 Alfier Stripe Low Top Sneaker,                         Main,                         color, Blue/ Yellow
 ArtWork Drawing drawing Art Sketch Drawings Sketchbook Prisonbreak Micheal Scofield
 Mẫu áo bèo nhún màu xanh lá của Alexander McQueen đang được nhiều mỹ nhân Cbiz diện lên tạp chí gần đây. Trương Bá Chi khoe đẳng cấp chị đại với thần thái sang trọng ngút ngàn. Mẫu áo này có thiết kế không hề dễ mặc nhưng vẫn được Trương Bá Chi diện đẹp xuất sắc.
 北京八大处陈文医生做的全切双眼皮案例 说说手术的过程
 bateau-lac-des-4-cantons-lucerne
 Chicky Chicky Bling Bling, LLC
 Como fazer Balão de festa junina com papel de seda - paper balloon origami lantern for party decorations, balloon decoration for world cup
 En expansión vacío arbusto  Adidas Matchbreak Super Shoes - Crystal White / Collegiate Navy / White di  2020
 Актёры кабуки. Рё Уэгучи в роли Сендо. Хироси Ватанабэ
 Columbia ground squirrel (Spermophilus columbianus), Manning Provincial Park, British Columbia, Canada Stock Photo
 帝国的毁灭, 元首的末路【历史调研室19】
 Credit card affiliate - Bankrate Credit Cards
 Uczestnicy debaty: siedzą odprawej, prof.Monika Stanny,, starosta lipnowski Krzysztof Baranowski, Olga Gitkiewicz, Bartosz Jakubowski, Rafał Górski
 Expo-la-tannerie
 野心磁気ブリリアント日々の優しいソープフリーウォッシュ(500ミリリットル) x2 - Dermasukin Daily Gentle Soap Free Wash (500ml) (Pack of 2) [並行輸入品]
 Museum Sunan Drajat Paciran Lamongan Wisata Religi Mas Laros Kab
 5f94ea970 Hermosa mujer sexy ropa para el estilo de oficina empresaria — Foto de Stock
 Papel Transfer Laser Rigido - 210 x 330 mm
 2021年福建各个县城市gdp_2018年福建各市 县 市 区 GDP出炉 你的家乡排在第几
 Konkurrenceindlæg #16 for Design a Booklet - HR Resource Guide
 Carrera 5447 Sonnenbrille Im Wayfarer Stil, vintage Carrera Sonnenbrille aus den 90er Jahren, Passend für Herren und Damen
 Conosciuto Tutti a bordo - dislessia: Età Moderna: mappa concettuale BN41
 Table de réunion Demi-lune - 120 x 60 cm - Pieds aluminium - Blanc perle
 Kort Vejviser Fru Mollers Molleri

::::::

# Problem requirements
So that nothing differs from the original, transcribe all of the records above.

# Response for this exercise
 Alfier Stripe Low Top Sneaker,                         Main,                         color, Blue/ Yellow
 ArtWork Drawing drawing Art Sketch Drawings Sketchbook Prisonbreak Micheal Scofield
 Mẫu áo bèo nhún màu xanh lá của Alexander McQueen đang được nhiều mỹ nhân Cbiz diện lên tạp chí gần đây. Trương Bá Chi khoe đẳng cấp chị đại với thần thái sang trọng ngút ngàn. Mẫu áo này có thiết kế không hề dễ mặc nhưng vẫn được Trương Bá Chi diện đẹp xuất sắc.
 北京八大处陈文医生做的全切双眼皮案例 说说手术的过程
 bateau-lac-des-4-cantons-lucerne
 Chicky Chicky Bling Bling, LLC
 Como fazer Balão de festa junina com papel de seda - paper balloon origami lantern for party decorations, balloon decoration for world cup
 En expansión vacío arbusto  Adidas Matchbreak Super Shoes - Crystal White / Collegiate Navy / White di  2020
 Актёры кабуки. Рё Уэгучи в роли Сендо. Хироси Ватанабэ
 Columbia ground squirrel (Spermophilus columbianus), Manning Provincial Park, British Columbia, Canada Stock Photo
 帝国的毁灭, 元首的末路【历史调研室19】
 Credit card affiliate - Bankrate Credit Cards
 Uczestnicy debaty: siedzą odprawej, prof.Monika Stanny,, starosta lipnowski Krzysztof Baranowski, Olga Gitkiewicz, Bartosz Jakubowski, Rafał Górski
 Expo-la-tannerie
 野心磁気ブリリアント日々の優しいソープフリーウォッシュ(500ミリリットル) x2 - Dermasukin Daily Gentle Soap Free Wash (500ml) (Pack of 2) [並行輸入品]
 Museum Sunan Drajat Paciran Lamongan Wisata Religi Mas Laros Kab
 5f94ea970 Hermosa mujer sexy ropa para el estilo de oficina empresaria — Foto de Stock
 Papel Transfer Laser Rigido - 210 x 330 mm
 2021年福建各个县城市gdp_2018年福建各市 县 市 区 GDP出炉 你的家乡排在第几
 Konkurrenceindlæg #16 for Design a Booklet - HR Resource Guide
 Carrera 5447 Sonnenbrille Im Wayfarer Stil, vintage Carrera Sonnenbrille aus den 90er Jahren, Passend für Herren und Damen
 Conosciuto Tutti a bordo - dislessia: Età Moderna: mappa concettuale BN41
 Table de réunion Demi-lune - 120 x 60 cm - Pieds aluminium - Blanc perle
 Kort Vejviser Fru Mollers Molleri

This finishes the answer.